Let’s take a look at the actual database state annotation copied from our code base:

/**
 * An annotation to associate a test method with a required state of the database.
 * 
 * @author Lukas Krejci
 */
@Retention(value = RetentionPolicy.RUNTIME)
@Target(value = { ElementType.METHOD })
public @interface DatabaseState {

    /**
     * The location of the database state export file.
     */
    String url();

    /**
     * The version of the RHQ database the export file is generated from.
     * Before the data from the export file are imported into the database, the database
     * is freshly created and upgraded to this version. After that, the export file
     * is imported to it and the database is then upgraded to the latest version.
     */
    String dbVersion();
    
    /**
     * Where is the export file accessible from (defaults to {@link DatabaseStateStorage#CLASSLOADER}).
     */
    DatabaseStateStorage storage() default DatabaseStateStorage.CLASSLOADER;
    
    /**
     * The format of the export file (defaults to zipped xml).
     */
    FileFormat format() default FileFormat.ZIPPED_XML;
    
    /**
     * The name of the method to provide a JDBC connection object.
     * If the method is not specified, the value of the {@link JdbcConnectionProviderMethod} annotation
     * is used.
     */
    String connectionProviderMethod() default "";
}

A test class that would use these would look something like this:

@Listeners(DatabaseSetupInterceptor.class)
public class MyDbTests {

    @Test
    @DatabaseState(url = "my-exported-data.xml.zip", dbVersion = "2.94")
    public void test1() {
        ...
    }
}

I think that most of that is pretty self-explanatory. The only thing that needs explained further is the dbVersion and how we are dealing with setting up and upgrading the database schema.

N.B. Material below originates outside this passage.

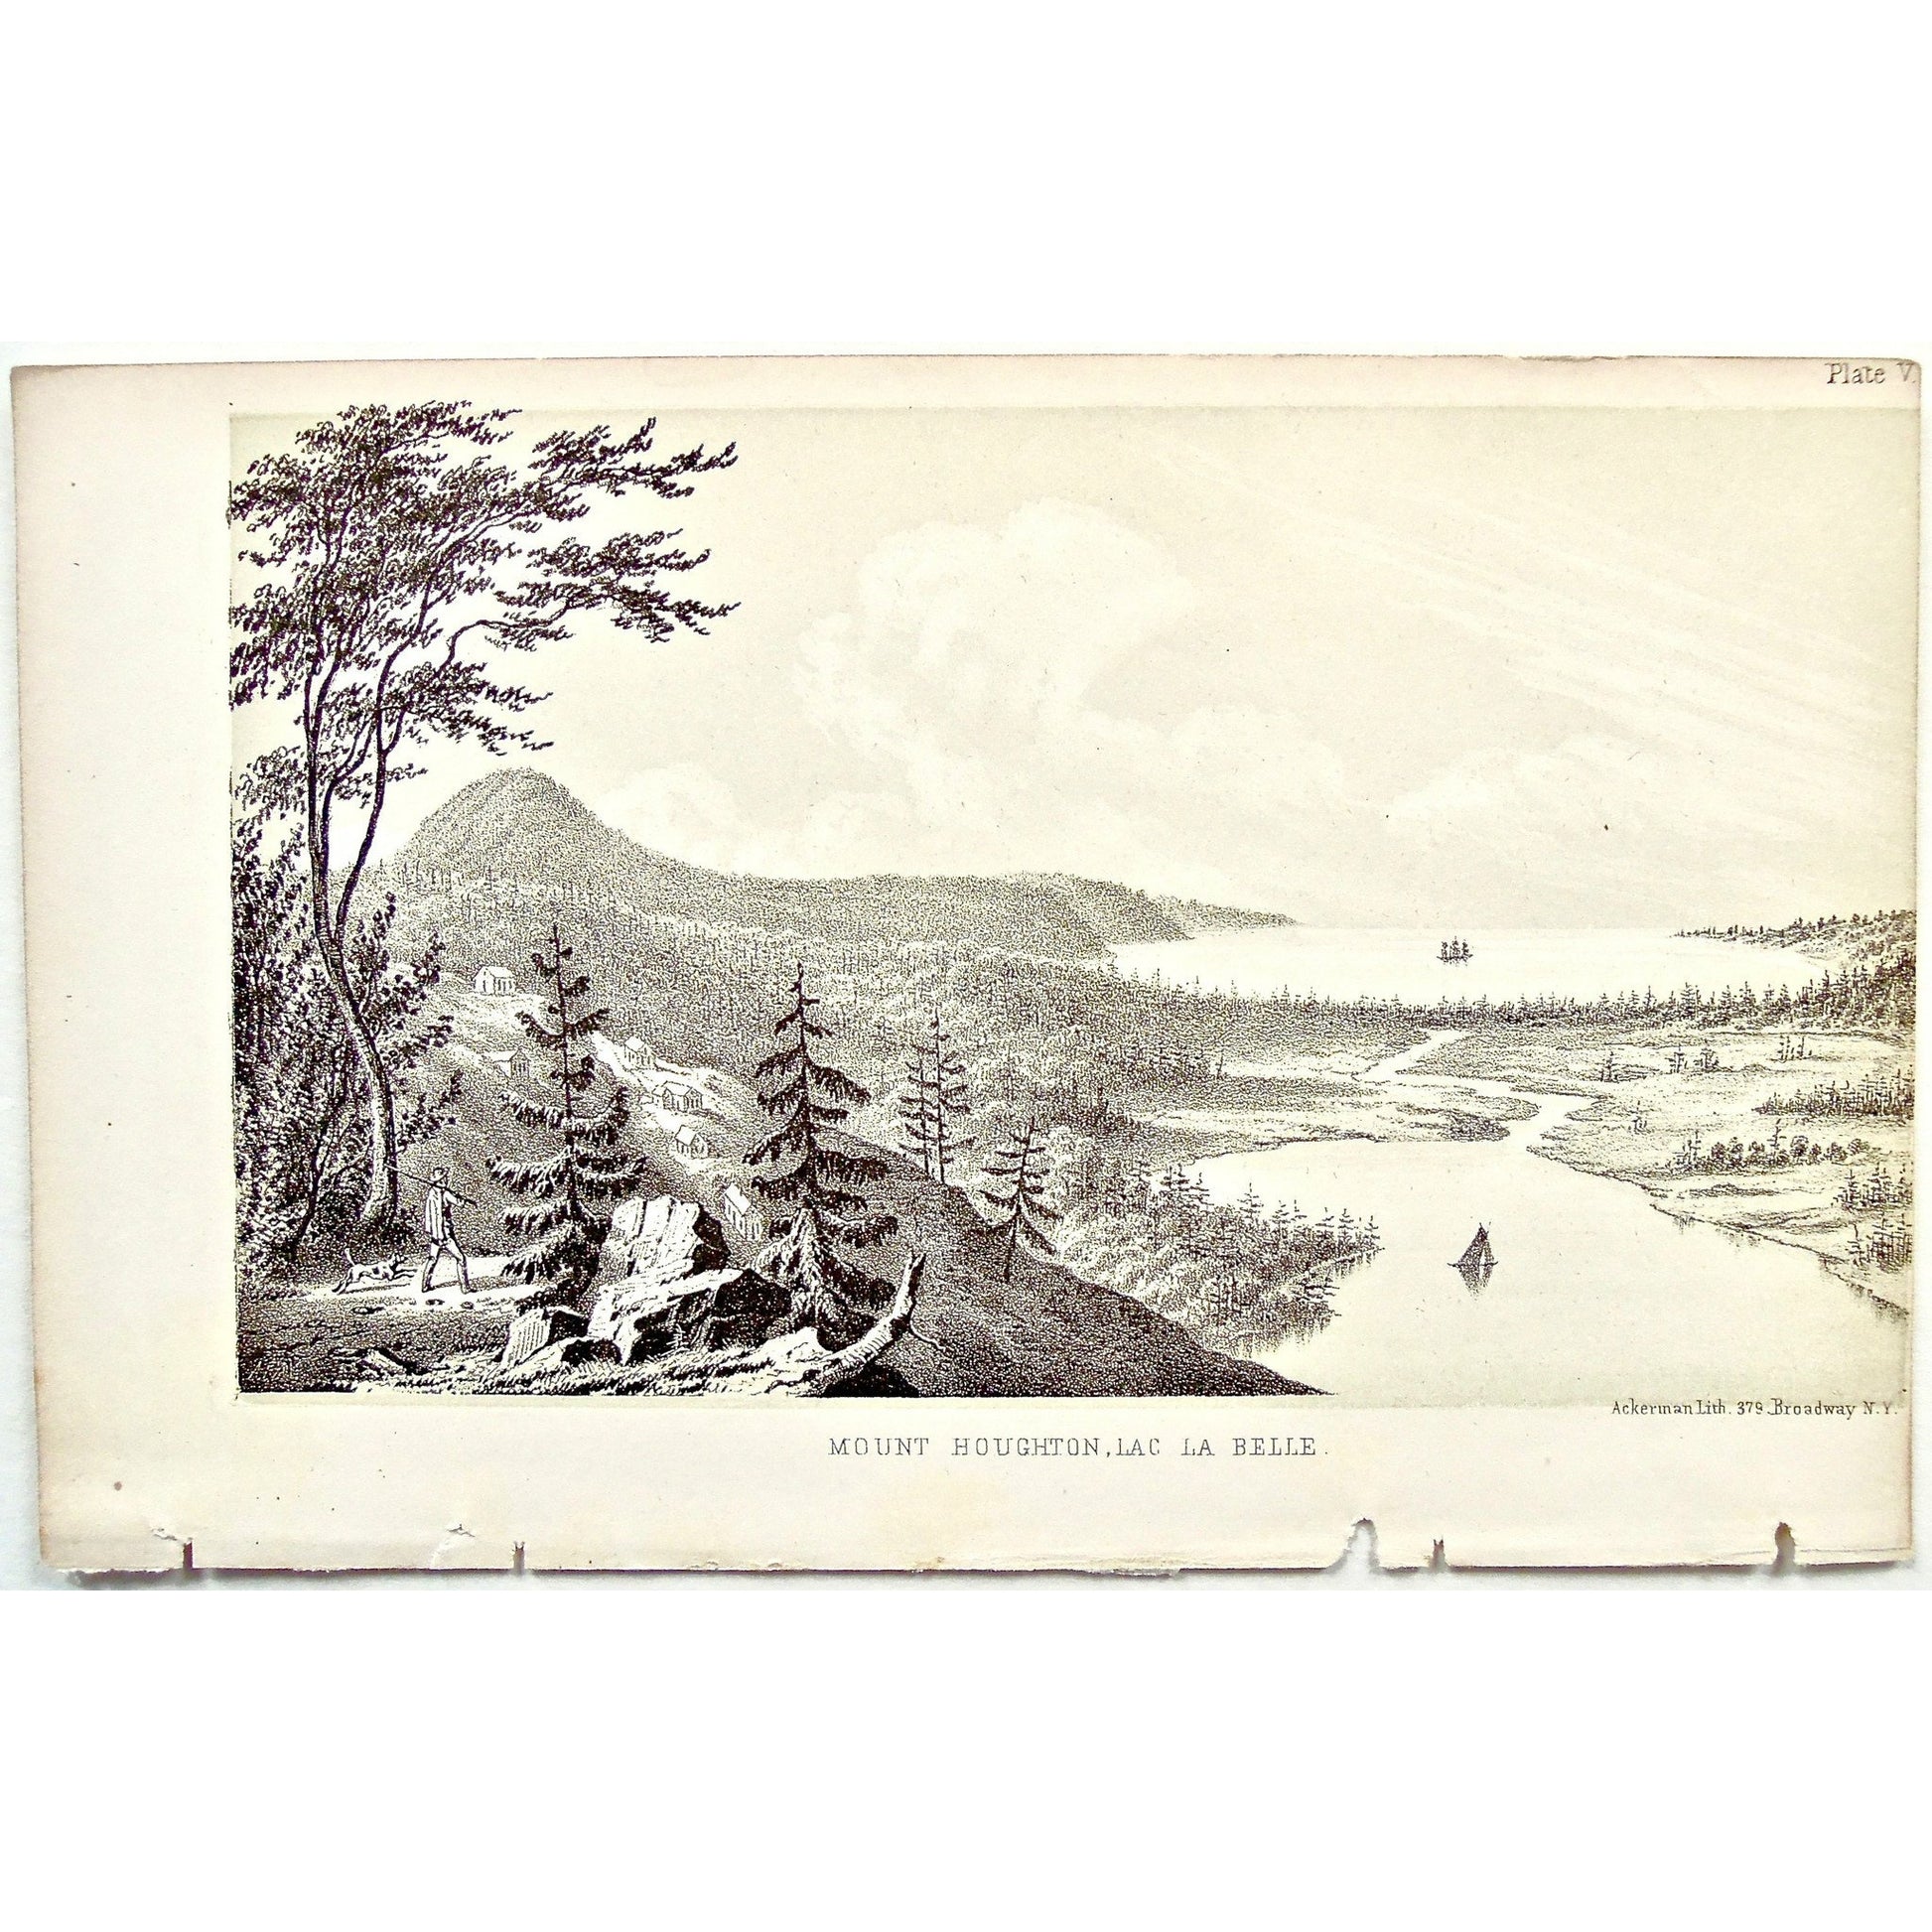 Mount Houghton, Lac La Belle, Mount, Houghton, Lac, La Belle, View, fishing, distant view, Landscape, Lake Superior, Lake, Superior, National Lakeshore, Lakeshore, Michigan, MI, Ackerman, 379 Broadway, Foster, Whitney, House of Representatives, House of Reps., Report, Geology, Topography, Land District, State of Michigan, Part II, The Iron Region, General Geology, Washington D.C., Washington, DC, D.C., 1851, lithograph, two-toned, Antique Print, Antique, Prints, Vintage, Art, Wall art, Decor, wall decor, de

In RHQ we have been using our home-grown dbutils that use one XML file to store the “current” database schema definitions and another XML file (db-upgrade.xml) to detail the individual upgrade steps that evolve the schema (each such step is considered a schema “version”). The first XML is used for clean installations and the other is used to upgrade a schema used in previous versions to the current one. The dbVersion therefore specifies the version from the db-upgrade.xml.

And that’s basically it. You can check the implementation of the DatabaseSetupInterceptor which does exactly the points 1 to 4 mentioned above.

As a final, slightly unrelated, note, we are currently thinking about migrating our own database setup/upgrade tool to liquibase. I think that the above approach should be easily transferable to it by changing the dbVersion attribute to the liquibase’s changeset id/author/file combo but I’m no expert in liquibase. If you happen to know liquibase and think otherwise, please leave a comment here and we’ll get in touch 😉

As with the export tool described in the previous post, I tried to implement this in a way that wouldn’t be tied to RHQ so this could potentially be used in other projects (well, with this time, you’d either have to adopt our dbutils or liquibase, but I think even this could be made configurable).

Advertisements
Posted in Java, RHQ. 7 Comments »

How to export data from a DB using JPA model

In RHQ, we are currently contemplating implementing a series of automated performance tests. For those tests to make any sense, we have to provide them with some initial data to work with.

So the goal is quite simple. Export some defined dataset from an existing database, store it away and import it back again before a test is run. Easy. When I started researching the export part of the problem, I thought there’s bound to be something out there already in existence that would do the job. And I was right. The dbUnit project is exactly what I was looking for. They support extraction of the data from the database and can even follow the foreign key relationships (in both ways) to export the necessary data to keep referential integrity. Great.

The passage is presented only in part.